Well, no. I don't think it comes from some mysterious realm. I think that which is not physical does not exist [edit: and if you like I'll follow that one right down the rabbit hole--continuity and infinity are useful delusions]. But that eminently does not mean we know what intelligence is, let alone how to build one.
> The fact that at the bottom we produced it via matrix multiplication is irrelevant.
Huh? We don't even know what "it" is. How can you say you produced it?
> a machine performs tasks that require flexible analytical and cognitive skills
You see that, I see a lucky stochastic search result. Don't underestimate the "creativity" of random algorithms! They can do some wild shit! This is nothing new, we've been playing with these toys for like 70 fucking years. It's only recently that they started spewing words and everyone lost their minds over it.
> I see a lucky stochastic search result
Again you're reaching for a mechanistic explanation of some kind (let's leave for the moment whether it makes sense or not) as if having an explanation somehow contradicted a display of intelligence. It doesn't. Yes of course we made it, we know how it works (ar some level) and there is no magic. But what matters is the result- this machine, matrix multiplier, stochastic parrot, consistently displays intelligence, to the point of being able to perform very complex, open-ended tasks that integrate discovery, planning, tool usage, decision and even some aesthetic sense, understanding and using natural language, context awareness, you name it.
> This is nothing new, we've been playing with these toys for like 70 fucking years
Lol no. For god's sake. Hundreds of billions of parameters organised in a specific architecture and trained with unimaginable amounts of data and compute? Unless by "these toys" you mean "any computer program vaguely AI-related".
IDK, it doesn't seem like they actually do any of that. To me it seems like they have good enough semantic embeddings that they can kind of approximate those things, sometimes, well enough if you don't look too hard. This is enough to fool people. Of course there's gold in them hills--some recent mathematical results were found there. But to say that's "intellgence" is to say that lossy compression is intelligence. It's static. It does not learn. It does not adapt.

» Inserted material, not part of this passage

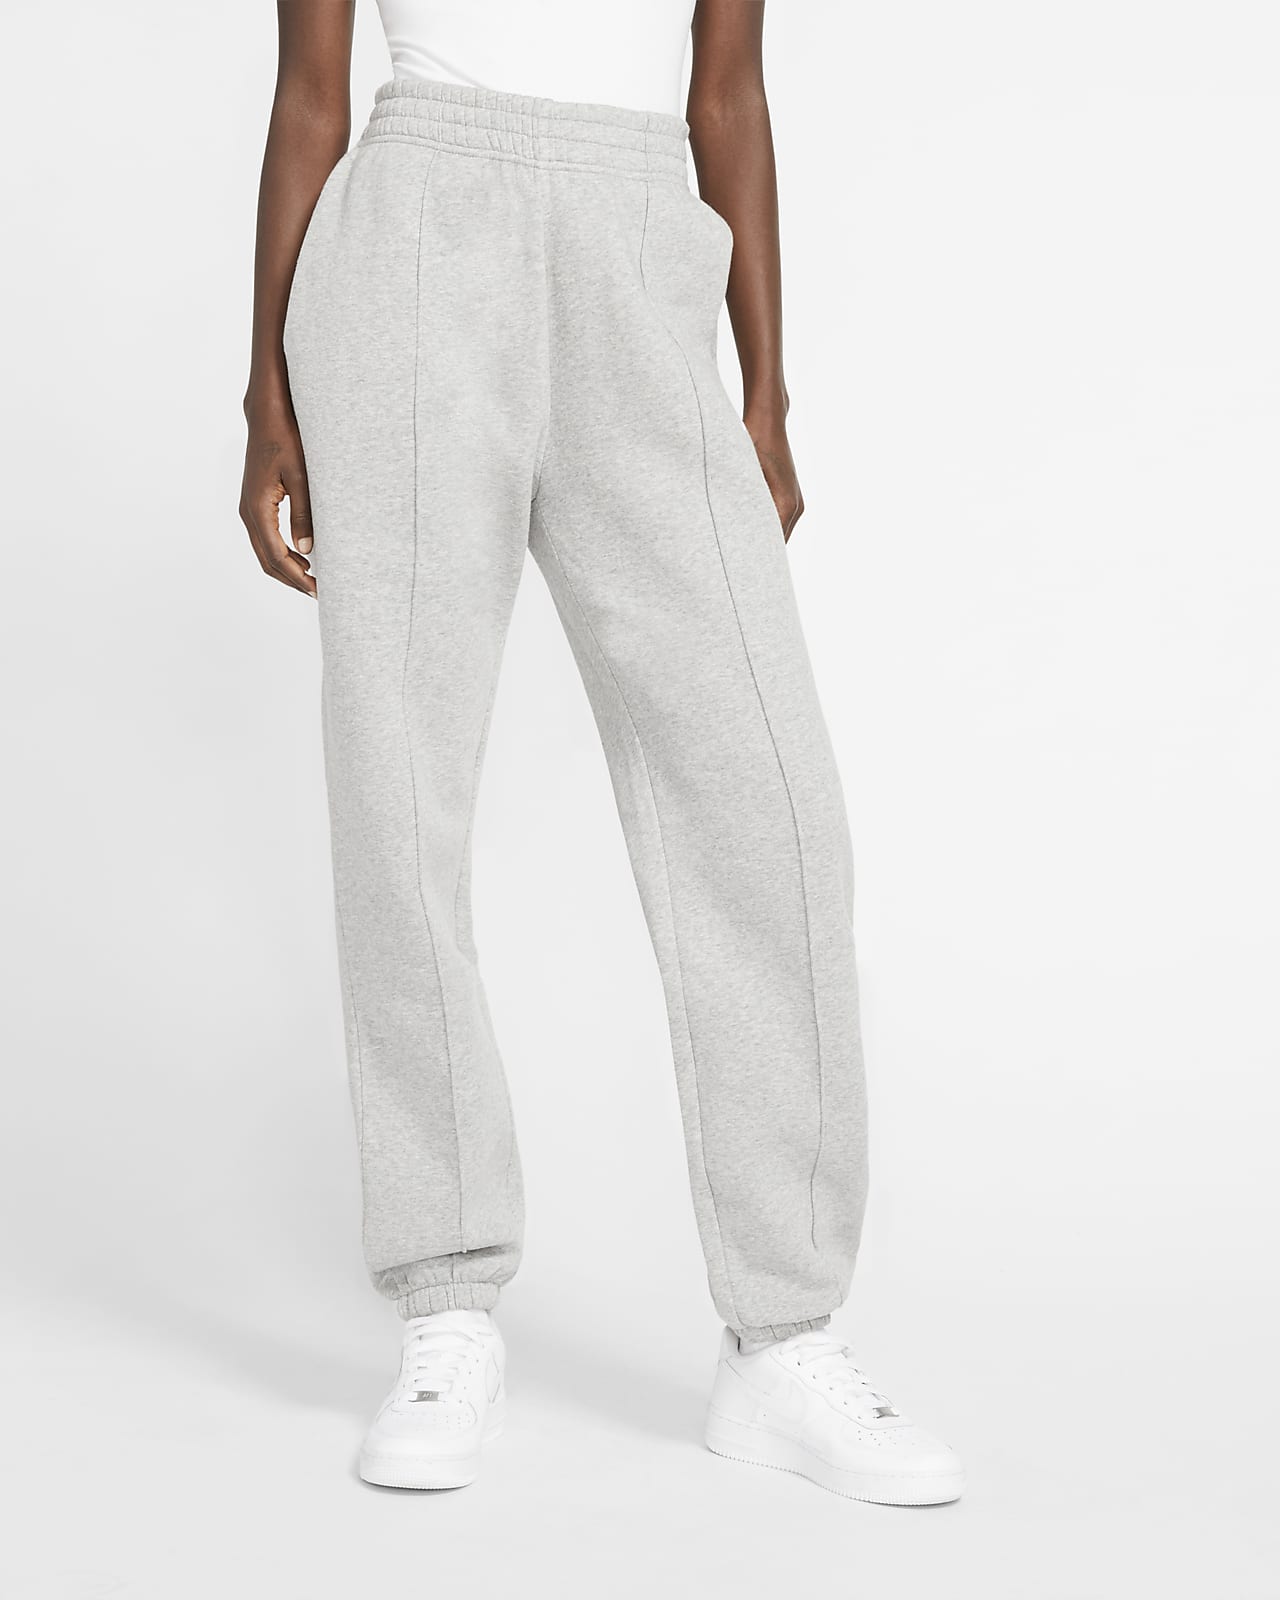 Pantaloni in fleece Nike Sportswear Essential - Donna. Nike IT

> Unless by "these toys" you mean "any computer program vaguely AI-related".
Not "vaguely AI related". I mean stochastic computer programs that can do things that look awful thinky. They've existed for a long time, but only recently (due to word2vec and other advances) have the results been words that mostly go together well instead of numbers. For some reason people seem to think a lot less critically when the output is words. IDGI but it's a whole thing.